A box of volume v and temperature t contains a mixture of two ideal gasses a and b, whose molecules have masses ma and mb, respectively. suppose there are n molecules of each type at the beginning of an experiment. each molecule of a combines with a molecule of b to form a new molecule c of mass ma mb. the experiment runs until all of a and b are converted to c.

a, what is the ratio of the pressure after the reaction to the pressure before (assuming no change in temperature)?

Answer 1

The ratio of the pressure after the reaction to the pressure before the reaction of ideal gases A and B forming gas C is 0.5 or 1/2, assuming constant temperature and volume.

Step-by-step explanation:

When ideal gases react to form a new gas, we can use the ideal gas law and Avogadro's Law to understand the changes in pressure. Given that molecules of gases A and B combine in a 1:1 ratio to form molecules of gas C, and that we begin with equal numbers of molecules of A and B (n of each), the number of molecules after the reaction is n (since each C molecule requires one A and one B).

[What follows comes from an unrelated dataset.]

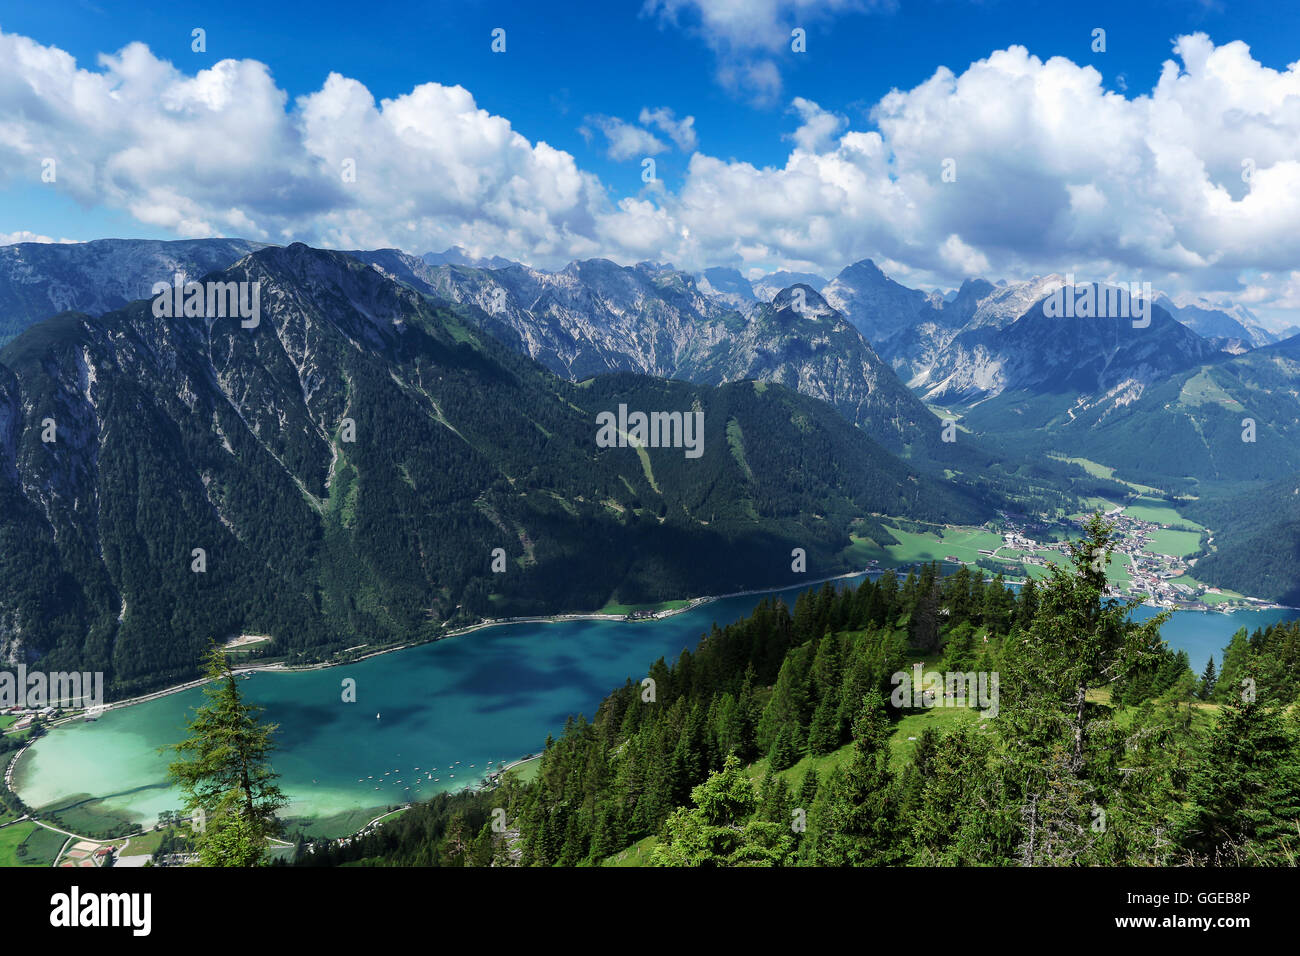 Vista aérea de Blue Mountain Lake entre boscosas montañas rocosas. Achensee, Austria, Tirol Foto de stock

Before the reaction, the total number of gas particles (molecules of A + molecules of B) is 2n. After the reaction, the number of gas molecules is n (since each molecule of C has one molecule from A and one from B). If the temperature and volume are kept constant, and using the fact that pressure is proportional to the number of gas particles (by the ideal gas law), the pressure after the reaction (Pafter) to the pressure before the reaction (Pbefore) is half:

Pafter/Pbefore = n/2n = ½ or 0.5